--- Dataset excerpt Enclosed Below ---

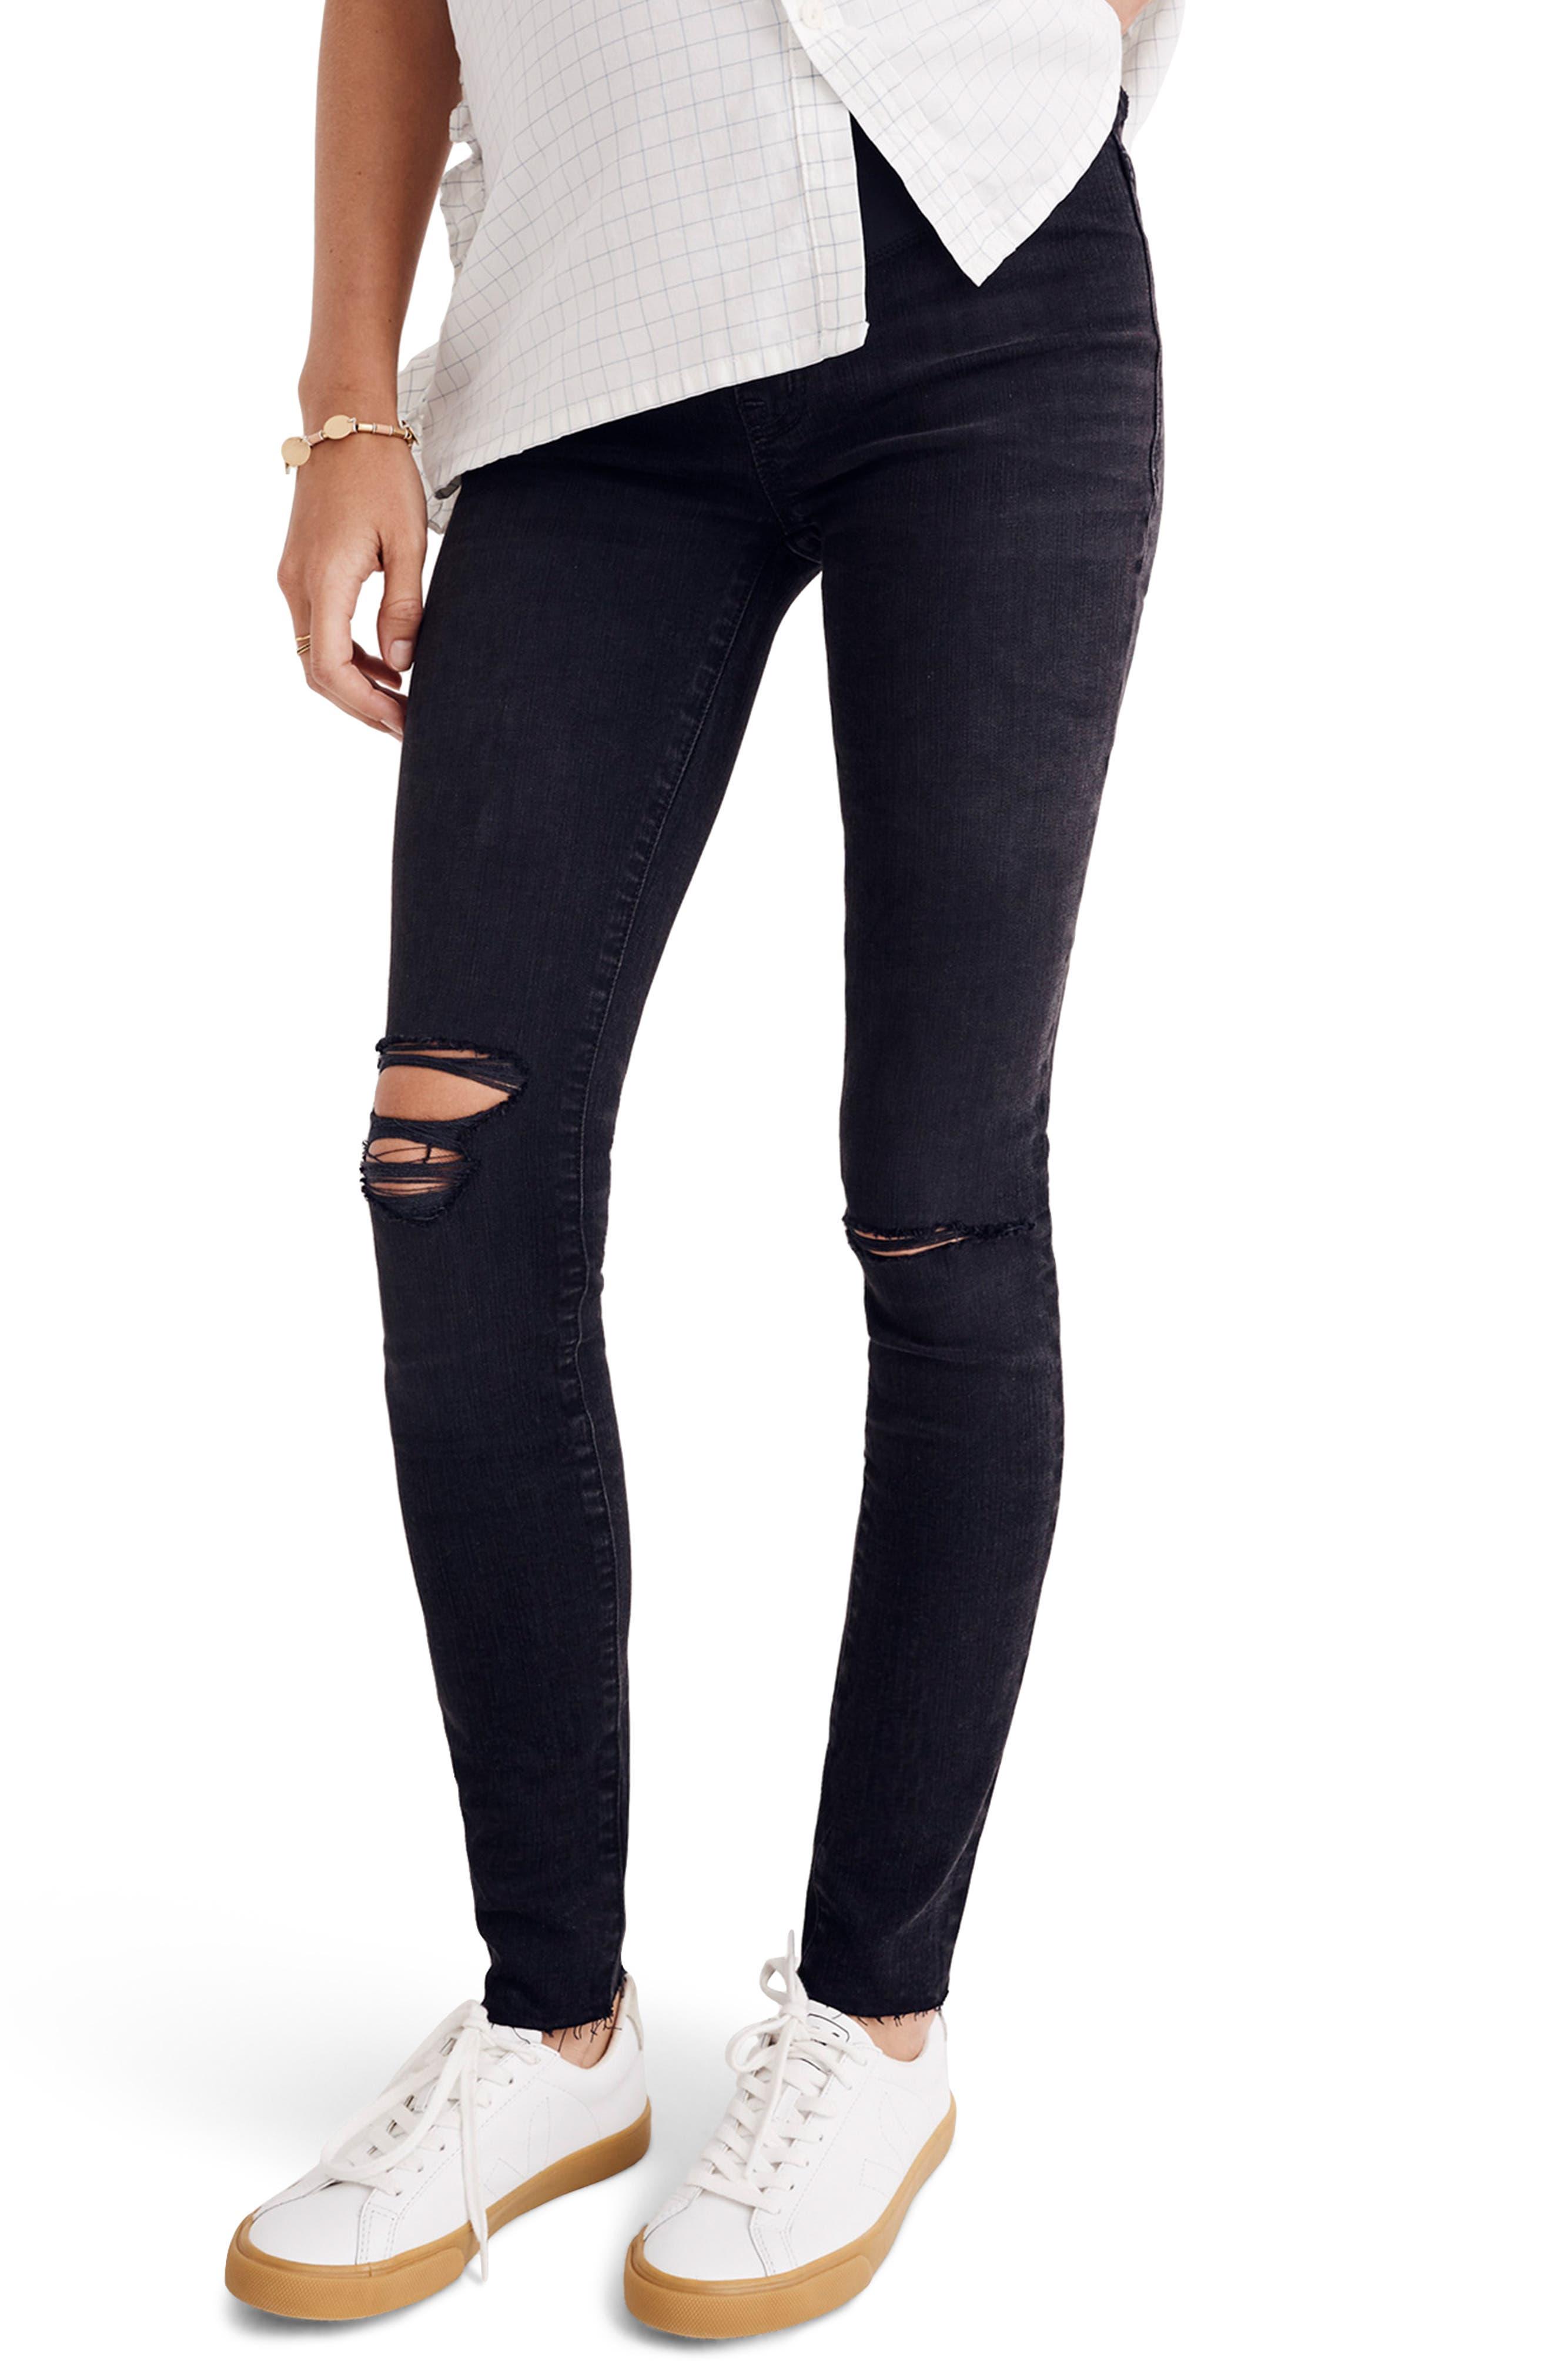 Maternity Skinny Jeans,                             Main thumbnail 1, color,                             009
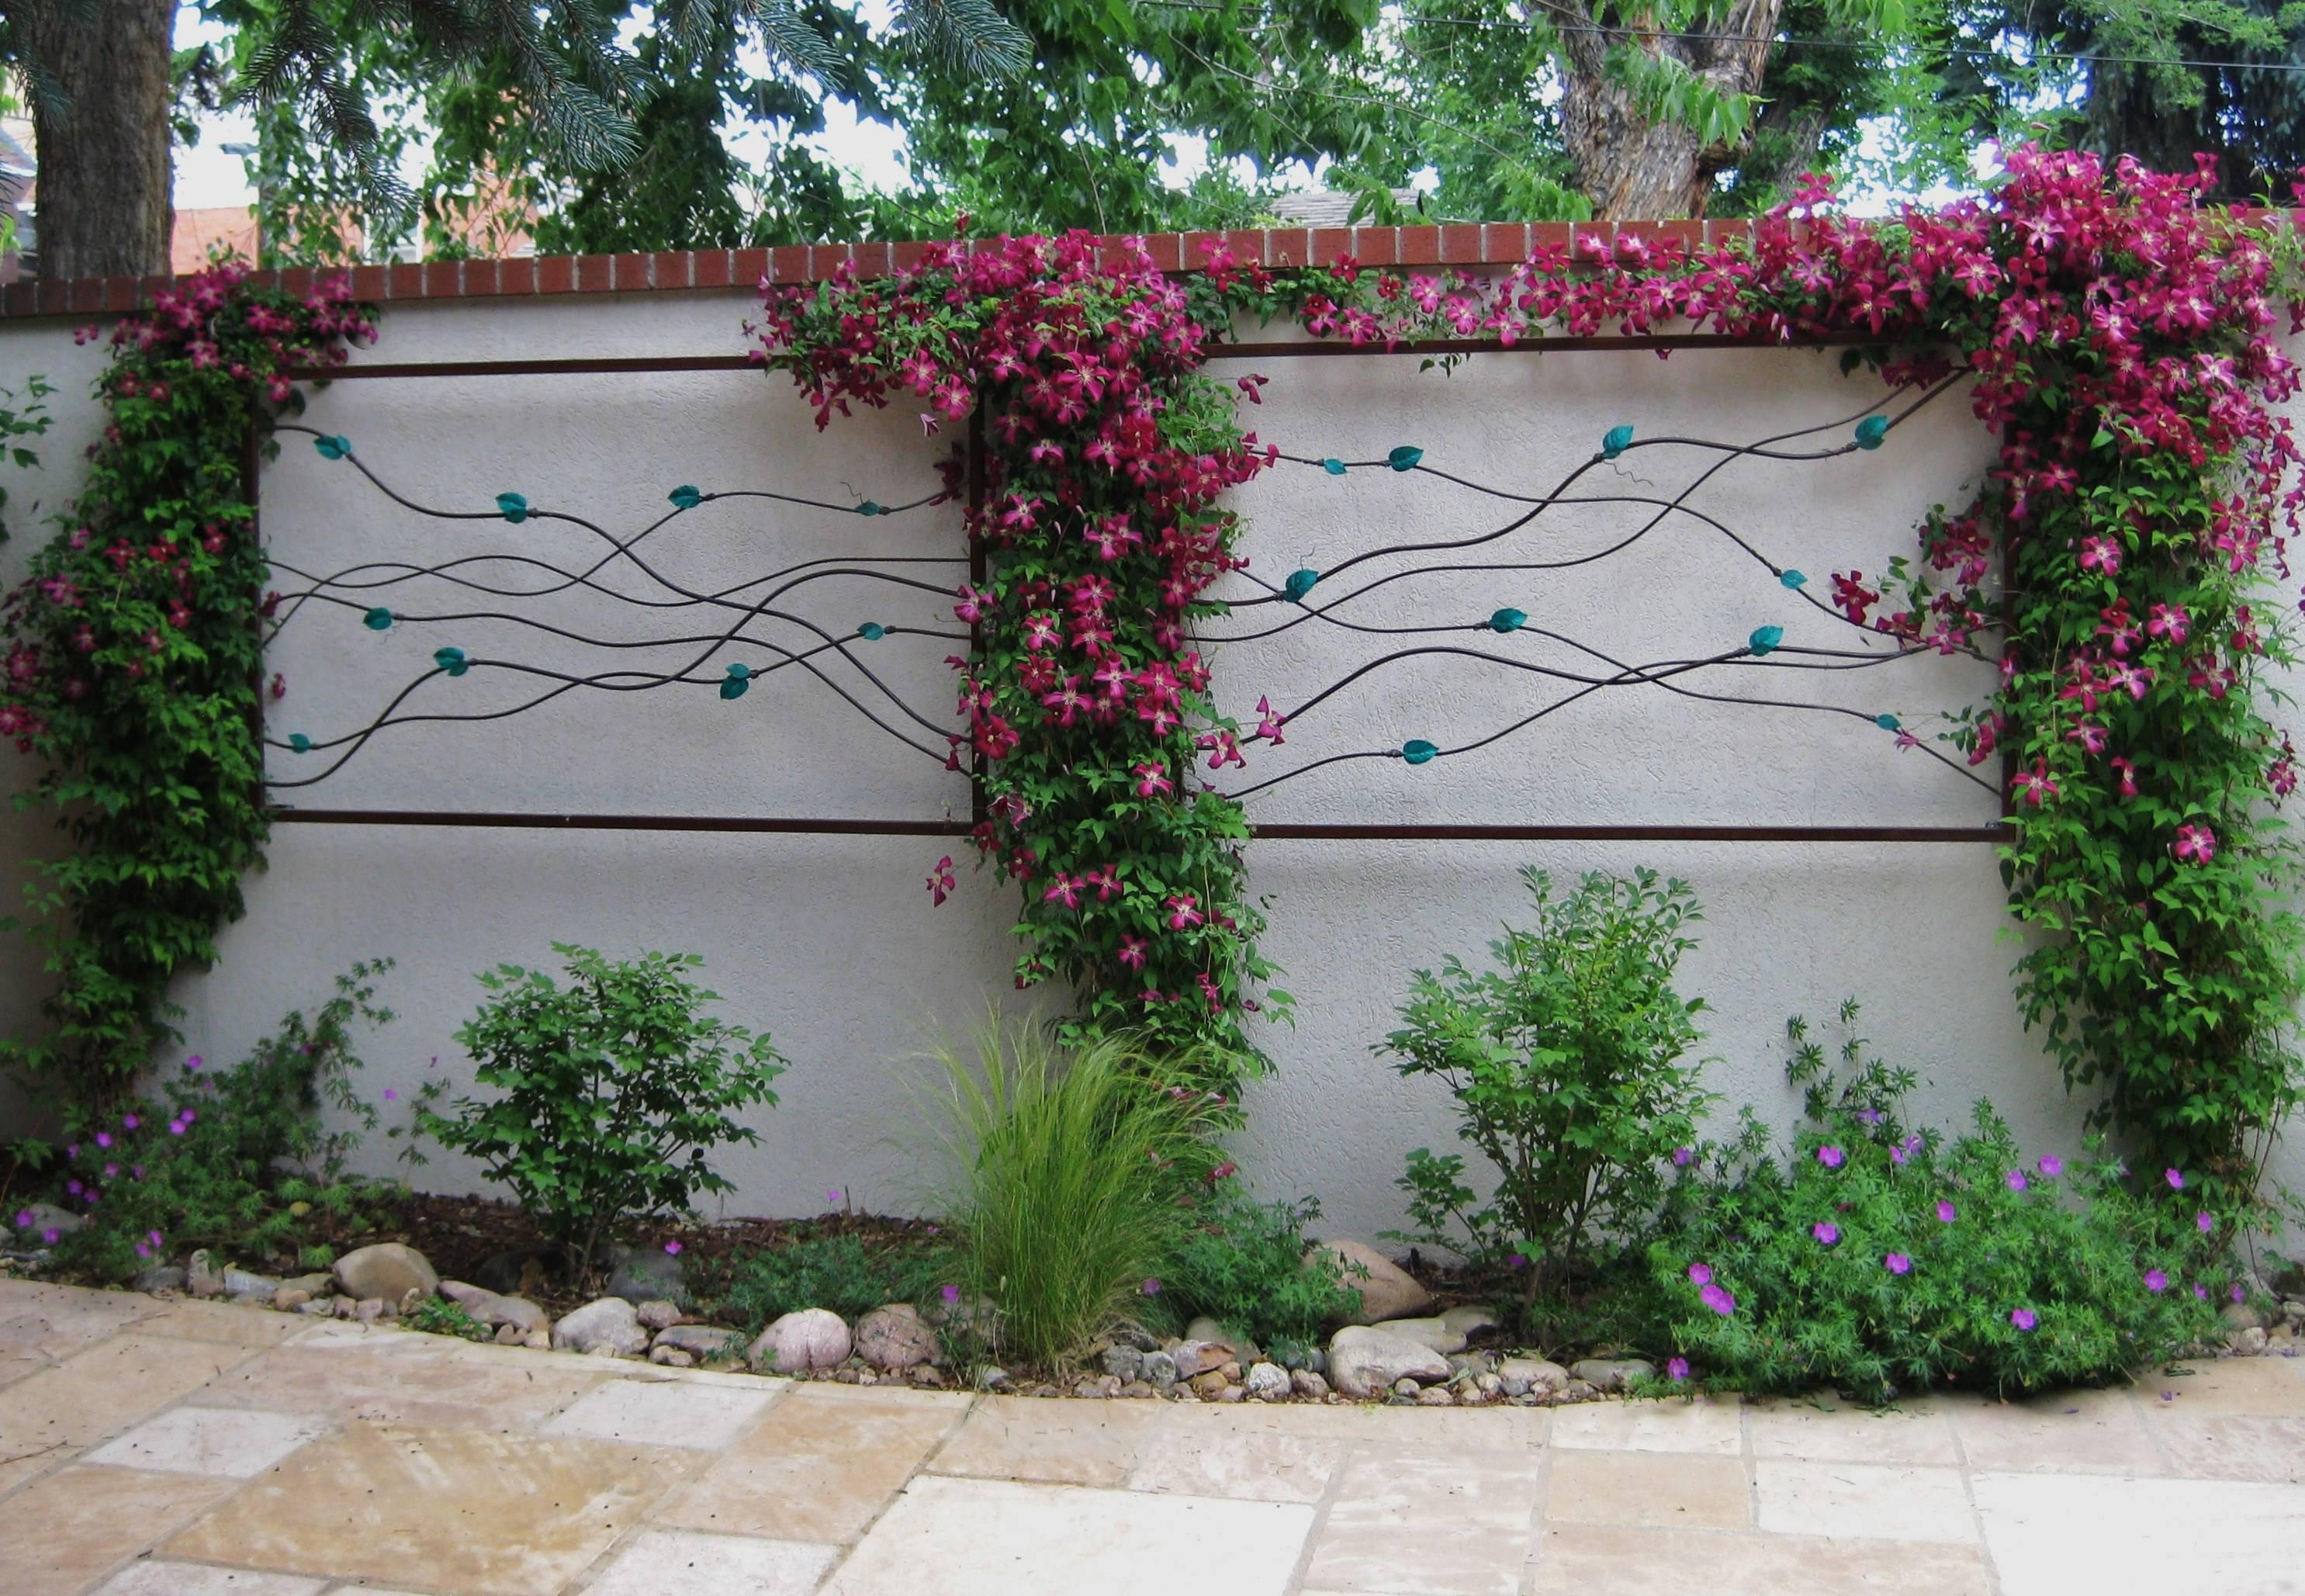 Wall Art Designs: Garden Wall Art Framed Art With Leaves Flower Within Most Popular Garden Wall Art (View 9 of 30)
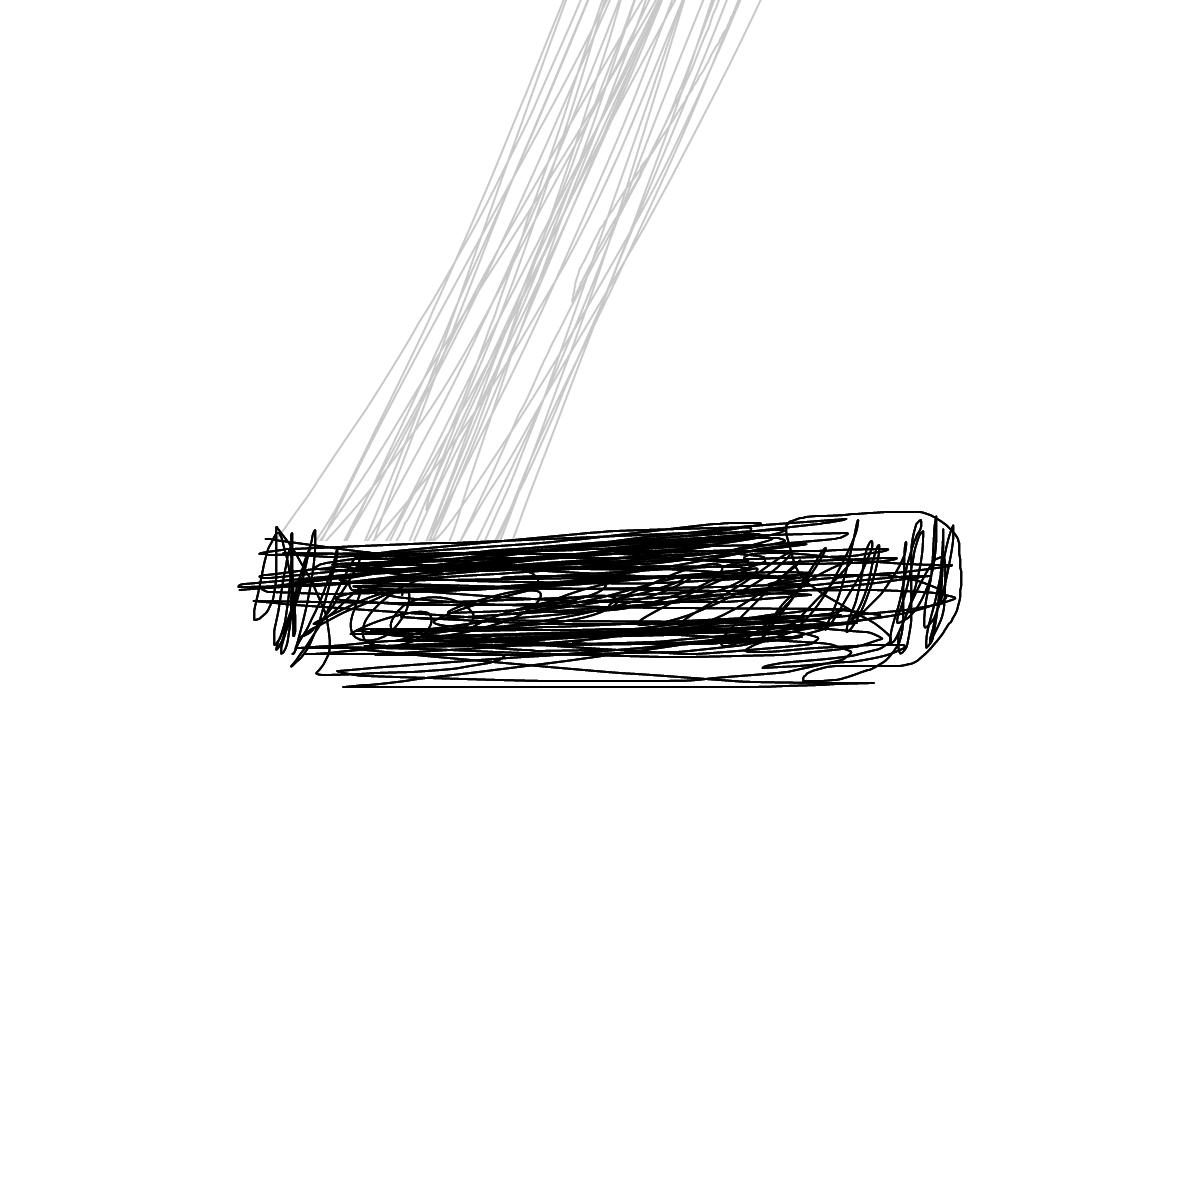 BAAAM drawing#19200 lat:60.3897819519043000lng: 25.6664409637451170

--- End of Enclosed Dataset excerpt ---

**Task statement**
The whole listing above is to be printed again exactly; pictures stay out of it.

**Finished task**
 Maternity Skinny Jeans,                             Main thumbnail 1, color,                             009
 Wall Art Designs: Garden Wall Art Framed Art With Leaves Flower Within Most Popular Garden Wall Art (View 9 of 30)
 BAAAM drawing#19200 lat:60.3897819519043000lng: 25.6664409637451170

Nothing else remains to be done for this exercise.